PROMPT:
Exact reproduction is required for the lines below starting at the line with "It&rsquo;s the last" and ending at the line with "Grab a Chicago", both included. No other lines, and no pictures.

INPUT:
------------------------------------
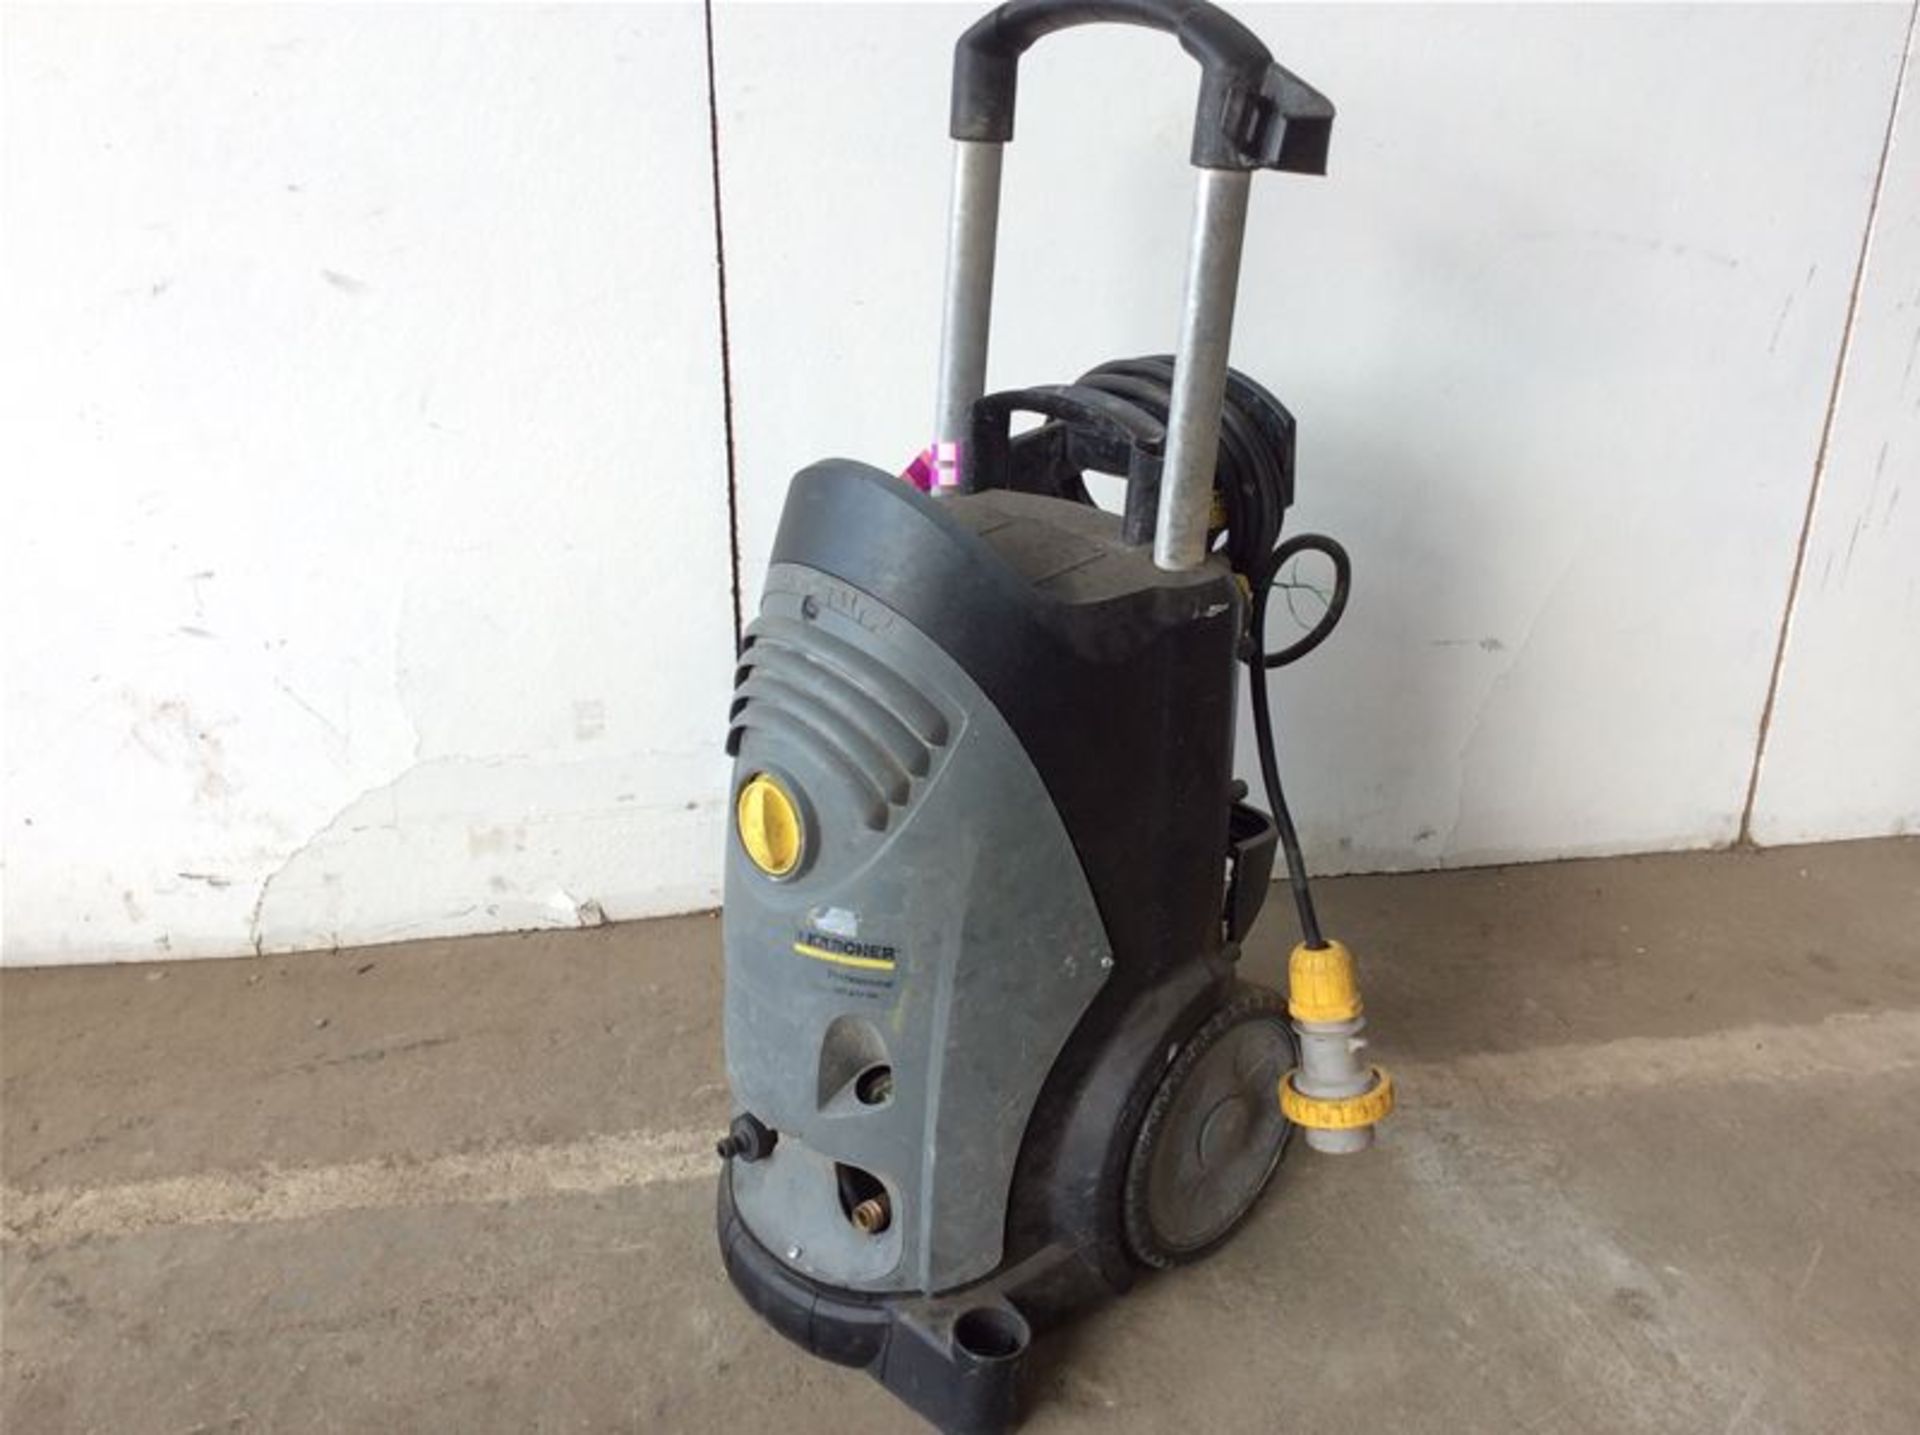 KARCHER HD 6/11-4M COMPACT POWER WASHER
------------------------------------
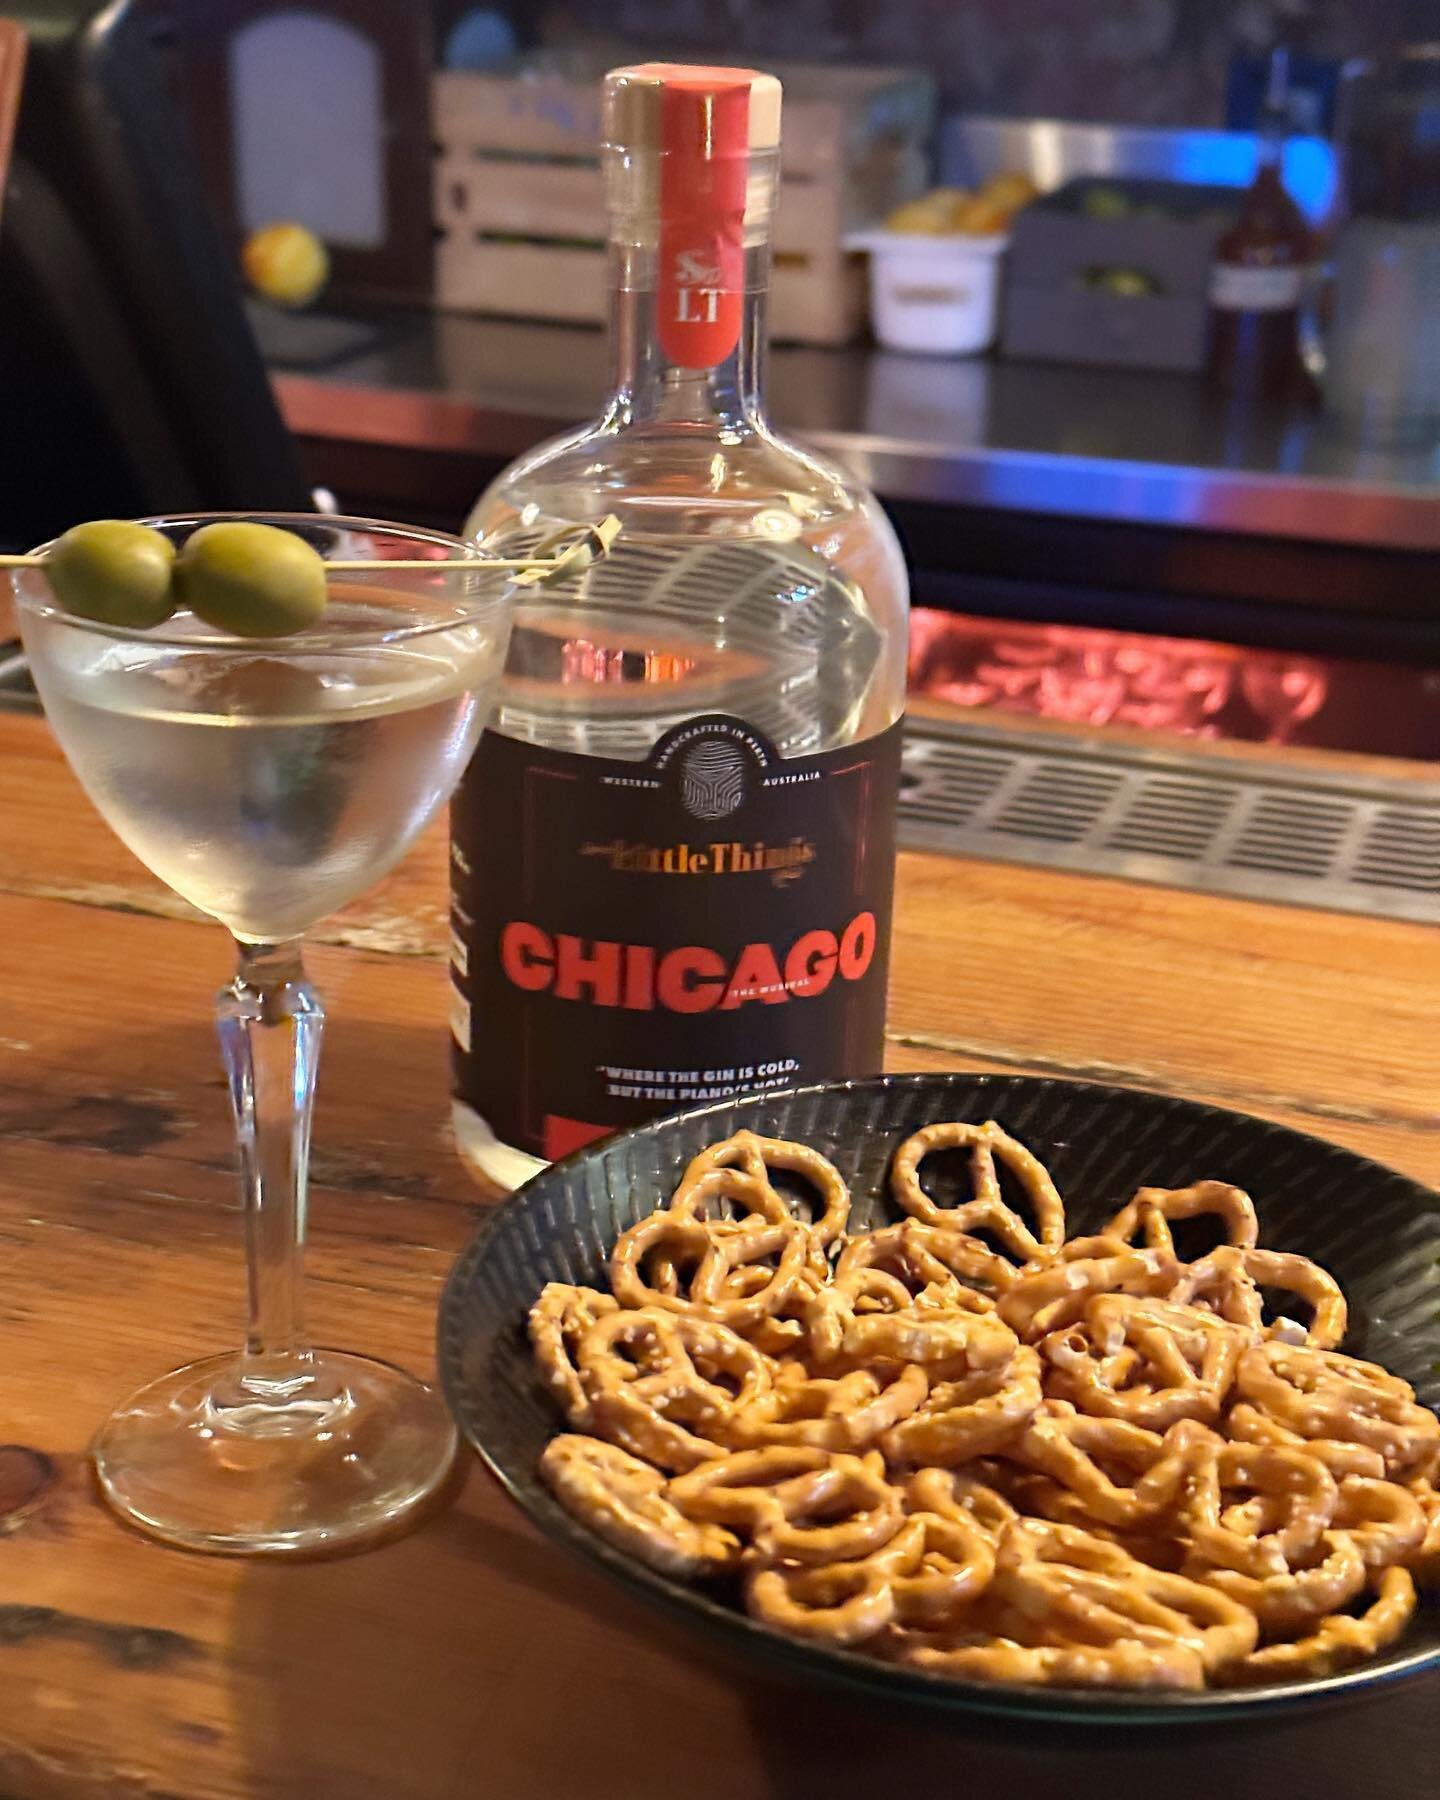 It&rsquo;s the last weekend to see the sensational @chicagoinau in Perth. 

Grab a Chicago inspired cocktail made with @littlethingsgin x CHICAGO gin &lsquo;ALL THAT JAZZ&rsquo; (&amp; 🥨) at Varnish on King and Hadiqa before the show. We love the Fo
------------------------------------
RESPONSE FOR THIS EXERCISE:
 It&rsquo;s the last weekend to see the sensational @chicagoinau in Perth. 

Grab a Chicago inspired cocktail made with @littlethingsgin x CHICAGO gin &lsquo;ALL THAT JAZZ&rsquo; (&amp; 🥨) at Varnish on King and Hadiqa before the show. We love the Fo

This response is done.